The differential diagnosis includes invasive cribriform/tubular carcinoma, cribriform Invasive ductal carcinoma, and DCIS and due to its histological similarity to Invasive ductal carcinoma, biopsy specimens can be wrongly diagnosed. A way of differentiating between cribriform carcinoma and ACC is that cribriform carcinoma does not contain basement membrane material and expresses ER and PR. Cribriform Carcinomas are also negative for CD117. A benign condition that should be included in the differential is collagen spherulosis. The main distinguishing feature between them is the formation of ductal epithelium in Collagen spherulosis. Ductal lumina formation in ACC is rare and if they occur, are smaller [3,11,20].

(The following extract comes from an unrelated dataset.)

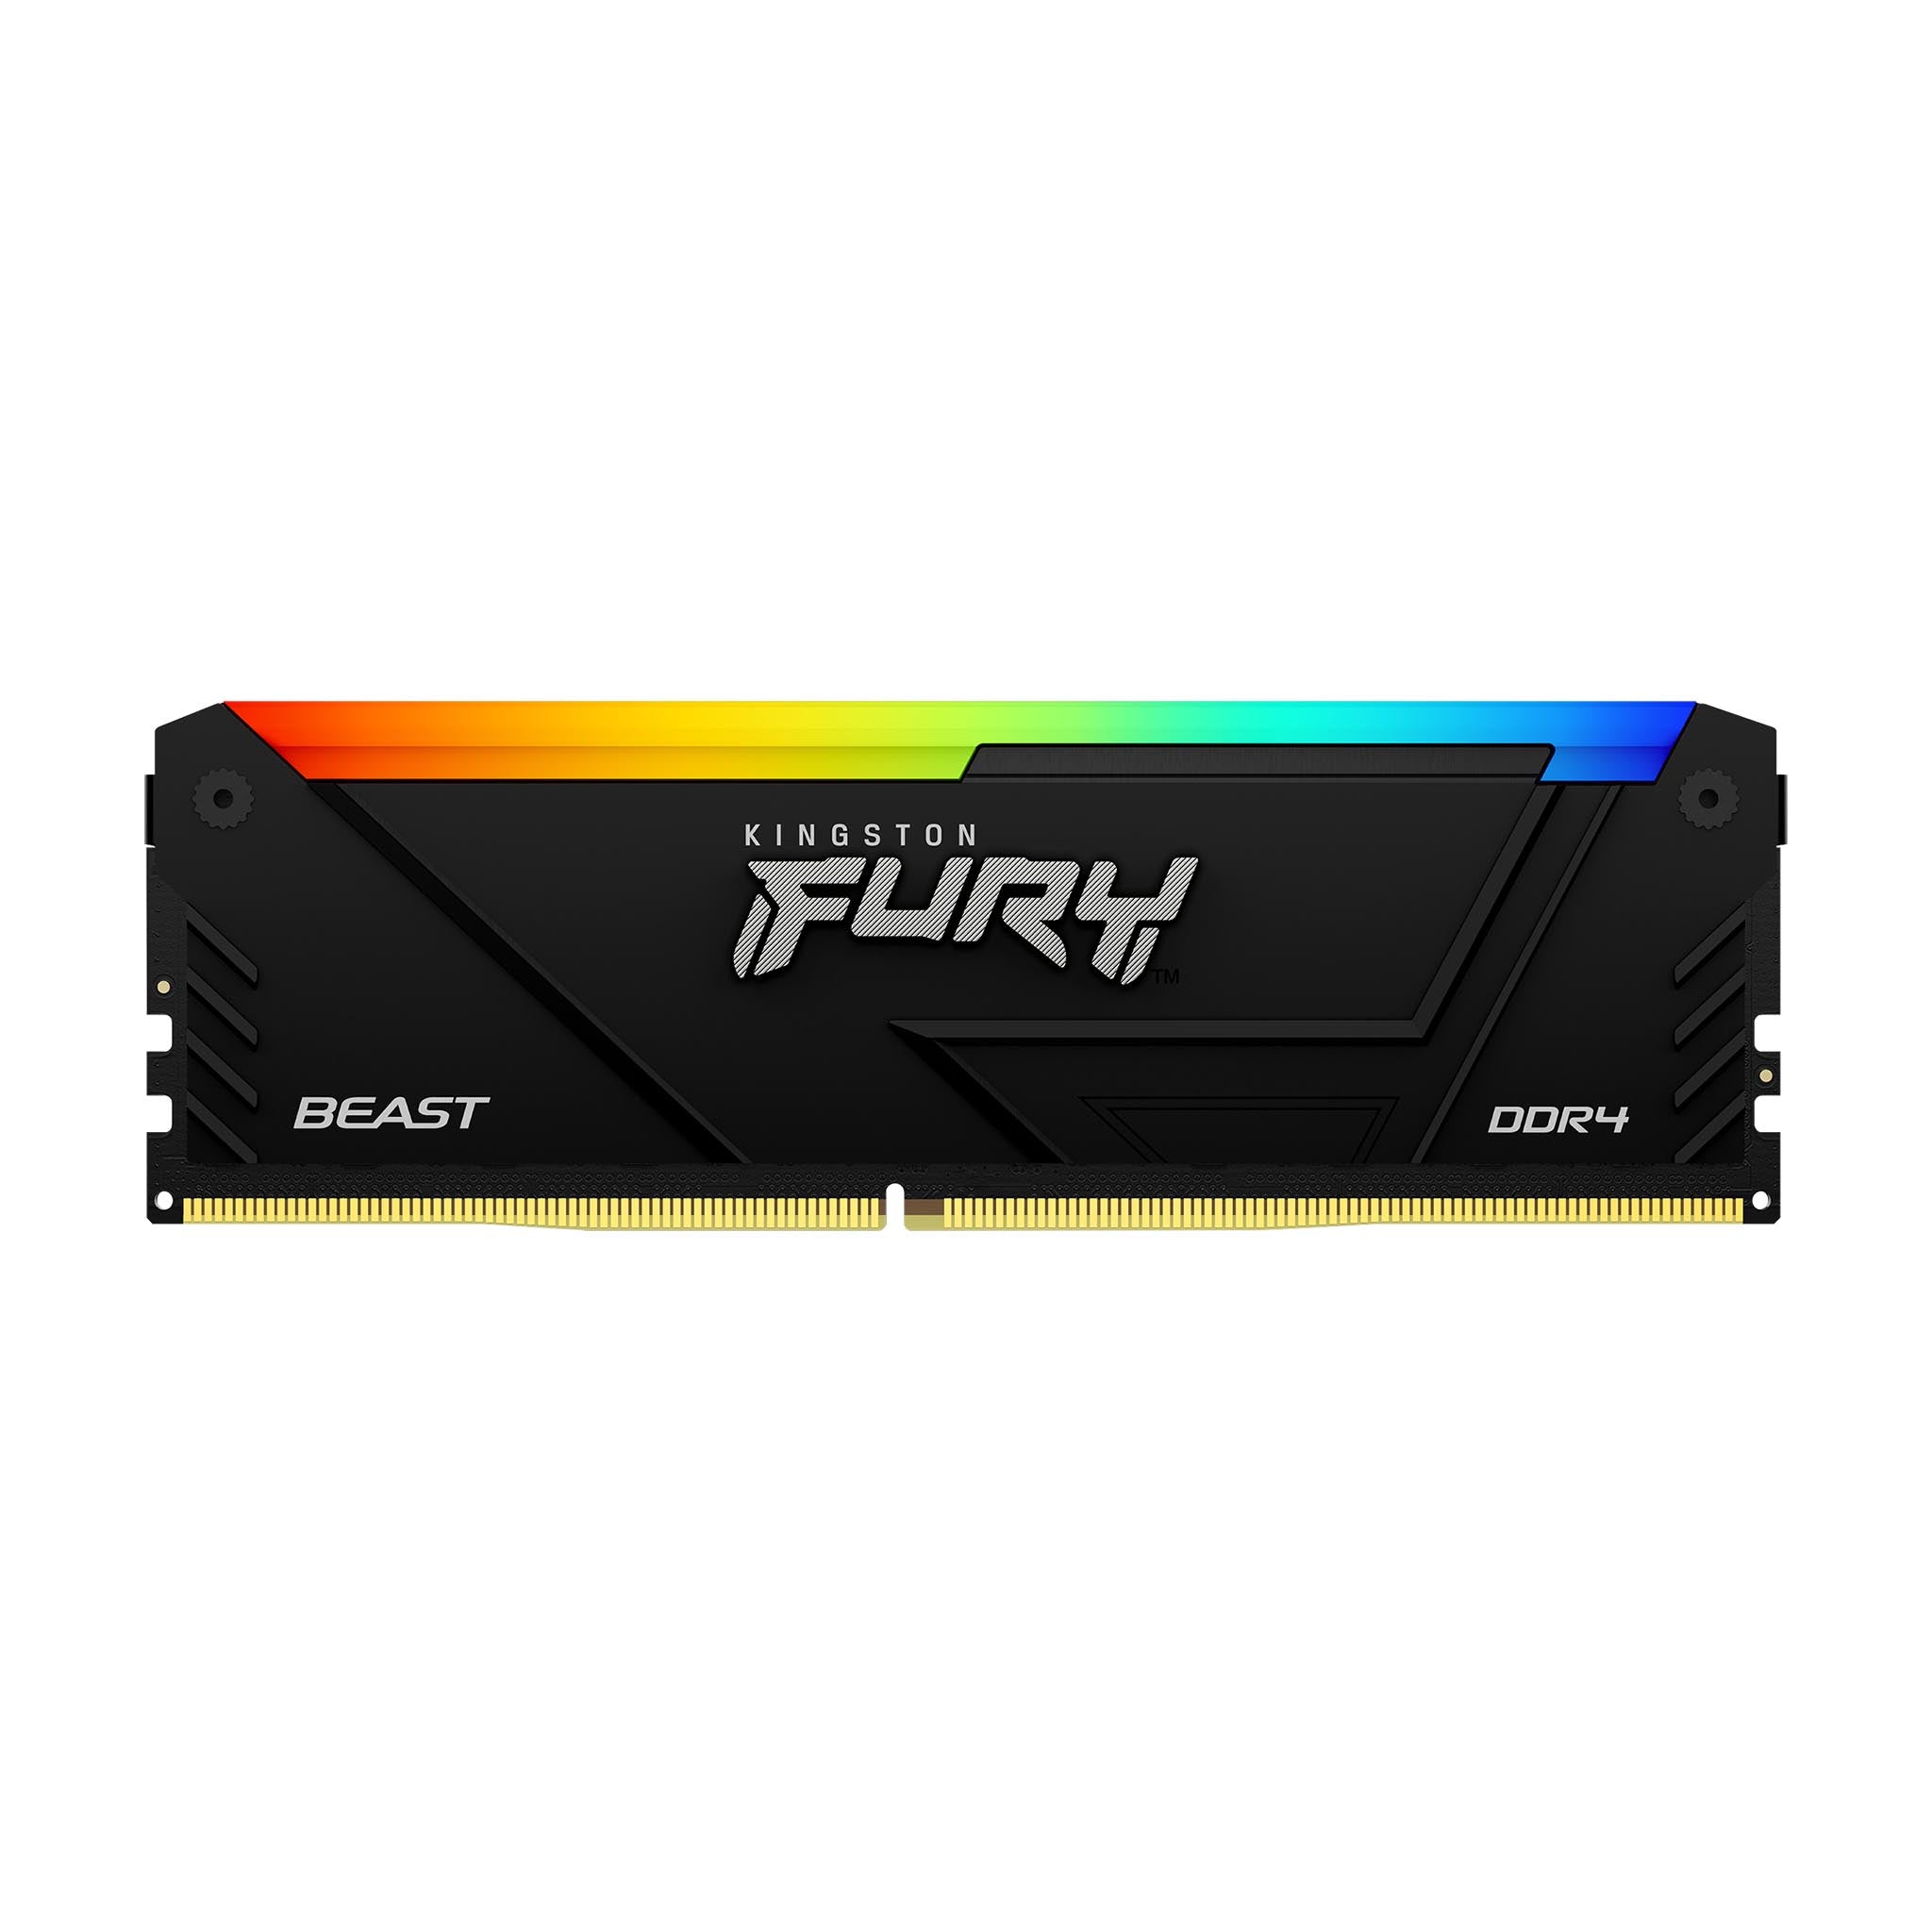 Kingston Fury Beast DDR4 RGB CL16 DIMM Desktop Gaming Memory

Treatment and management – Staging is done before treatment is started, which is based on AJCC staging criteria. In our case, the clinical and anatomic staging would be T1cN0M0 and Stage IA. The pathologic prognostic stage is based on all clinical information, biomarker information, and information from surgery and resected tissue. This is done for patients who undergo surgery first before any adjuvant radiotherapy or chemotherapy [21]. Here, the final pathologic stage we found was (m) pT1cN0(sn). Coming to management, there are no definite protocols on treatment guidelines. Patients with local disease may undergo breast conservation surgery while those with more invasive disease benefit from a mastectomy. Adjuvant radiotherapy may play a role to avoid positive tumor margins after BCT, as recurrences have been reported. In the study by glazebrook et al. one of the patients who underwent lumpectomy had multiple recurrences but no evidence of distant metastasis, so an addition of radiotherapy for patients undergoing lumpectomy may prove beneficial [2]. Since lymph node metastasis is rare in cases of ACC, axillary lymph node dissection may not always be needed [20]. And with newer avenues opening in the treatment of cancer, such as the use of targeted therapies like MYBNFIB fusion gene, the treatment, and management of ACC may transform further [3]. Not much information exists on the benefit of hormonal therapy and is administered in cases where there is hormone-positive status as is outlined in the case report by Fatma et al. [22]. And in cases of triple-negative status, adjuvant chemotherapy may also be regarded in treatment [1]. Even though distant metastasis is rare, patients must be kept on long-term follow-up since metastases can occur without lymph node involvement. Usual sites of metastasis are the bone, liver, kidney and are like the sites of metastasis in ACC of the salivary glands [22].

Conclusion

Adenoid cystic carcinoma is a rare tumor of the breast but if diagnosed early, has a favorable prognosis in prolonging patient life. It has specific clinicopathologic tumor patterns which help in distinguishing it from other triple-negative variants. And even though, it occurs usually as a 'triple negative' cancer, it is a low-grade tumor with an indolent growth pattern and rarely metastasizes and for this reason, should be included in the initial workup of the patient. Care in the histochemical analysis should be taken since we have seen that ACC, although a low-grade tumor can occur with other tumor subtypes, possibly making it aggressive, and should be kept in mind in the follow-up of the patient.